Daily Pathtracer 12: GPU Buffer-Oriented D3D11

Introduction and index of this series is here.

In the previous post, I changed the CPU path tracer from recursion (depth first) based approach to “buffer based” (breadth first) one. It got slightly slower on PC, and stayed around the same performance on a Mac.

I was curious how a similar approach would work on the GPU. Would it be slower or faster than a “super naïve GPU path tracer” I had before? No idea! Let’s find that out. Maybe we’ll learn something along the way.

Time for another confession: while I “conceptually” know how a GPU works, and have read & heard a lot of material on the topic, I don’t have much “actual” experience in optimizing compute shaders. Last time I was doing “serious” shader optimization was regular vertex/pixel shader workloads, and that was some years ago too. So I surely lack intuition in optimization approaches & experience with available tools! Everything below might be a complete blunder, and/or I might be making wrong conclusions. You’ve been warned!

Current depth-first GPU implementation

Recall that in my current GPU attempt (see Metal and D3D11 posts), each compute shader invocation maps to one pixel on screen. It traces several “full” ray paths; with rays being scattered off surface hits, extra rays being sent towards light sources, and so on.

Intuitively, while ray execution patterns past the primary eye rays “must be bad” for the GPU (they would be going all over the place, hitting different materials etc.)… It also has a great thing: there’s very little memory traffic. It only needs to read ~50 sphere and material structs, and only needs to write a single color per pixel.

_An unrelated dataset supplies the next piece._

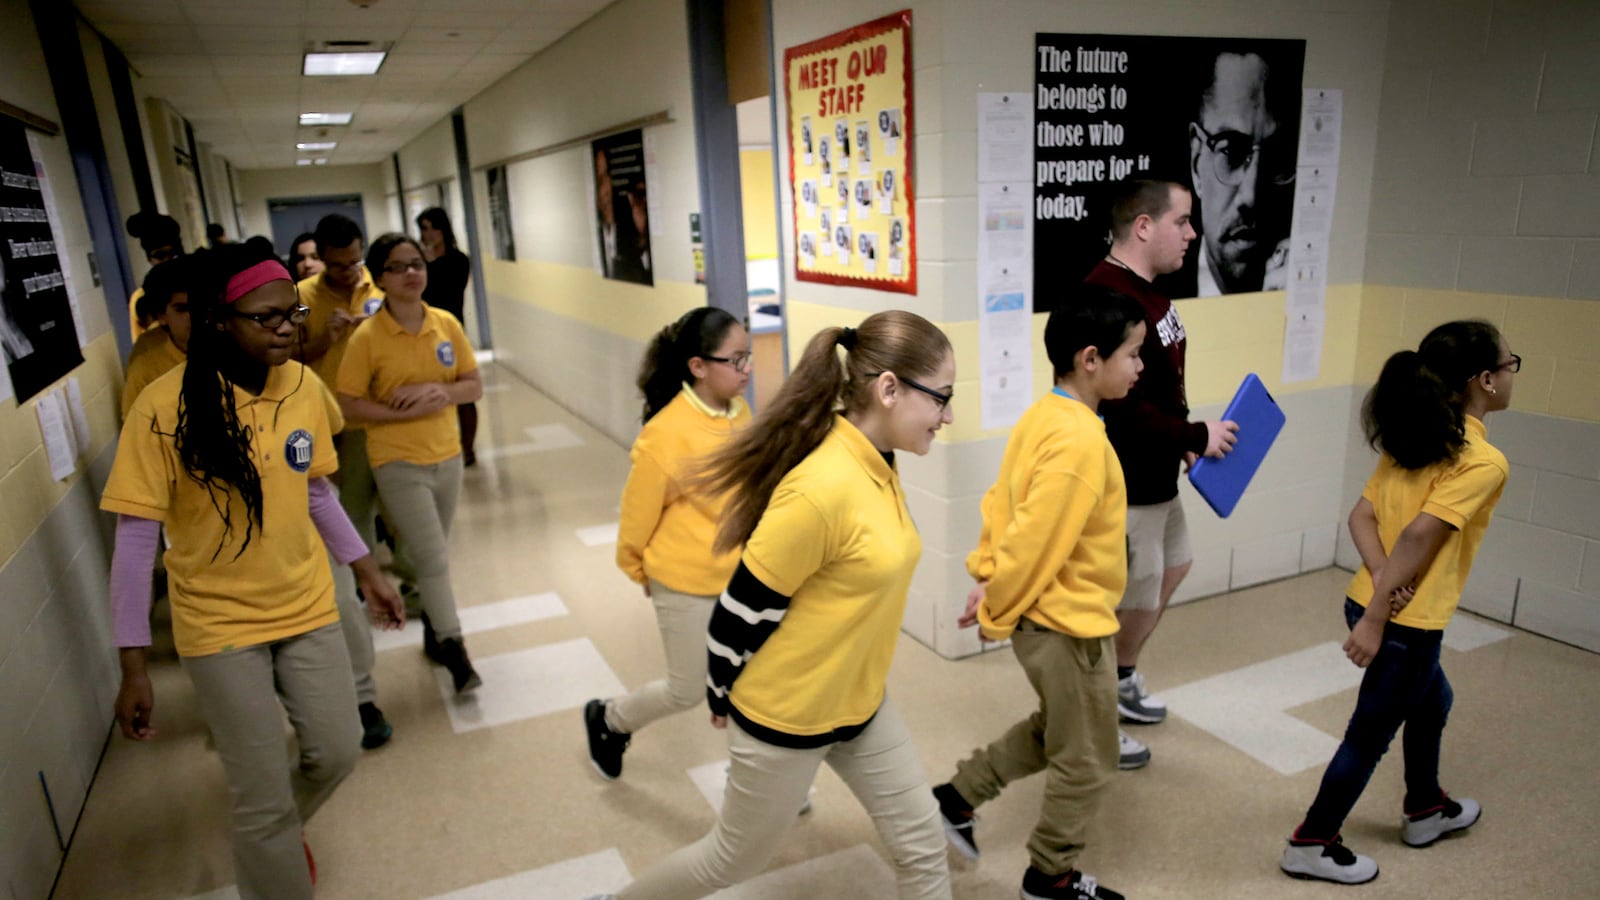 Students transition to gym class from Zoe Pierce's sixth grade science class at the Impact School in Springfield, Massachusetts in January 2017. Working with state officials, Springfield education leaders have crafted a first-of-its-kind plan for a Massachusetts school system, spinning off the middle schools into what effectively is their own miniature school system.

This initial direct GPU version runs at 778 Mray/s on a PC with GeForce GTX 1080 Ti.

Initial buffer-based GPU implementation

Let’s for a moment pretend that GPU compute shader programming model does not have any unique properties or gotchas, and do the “most simple” buffer oriented implementation. It is structured very much like the buffer-oriented CPU implementation:

  1. One compute shader evaluates primary camera rays, and writes out their contribution into the image.
  • Primary ray hits can only contribute emissive color in case they hit a light directly, or a sky color in case they don’t hit anything.
  • However, whenever they hit a surface they can produce more rays for the next ray bounce: scattered ray, or a light sampling (“shadow”) ray. These new rays are appended into a StructuredBuffer with all the ray data (ray, attenuation so far, pixel location, etc.). Like this:
  1. Next up, I do a number of “bounce” iterations. This does an “indirect” compute shader dispatch (one thread for each bounce/shadow ray produced in the earlier pass). The compute shader traces these new rays (coming from a StructuredBuffer produced earlier), evaluates their own contribution, adds it to the image at ray locations, and each ray surface hit can produce more rays for the next bounce. These new rays are written into another StructuredBuffer. Then, repeat this same step again up to N bounce iterations, swapping input & output ray buffers.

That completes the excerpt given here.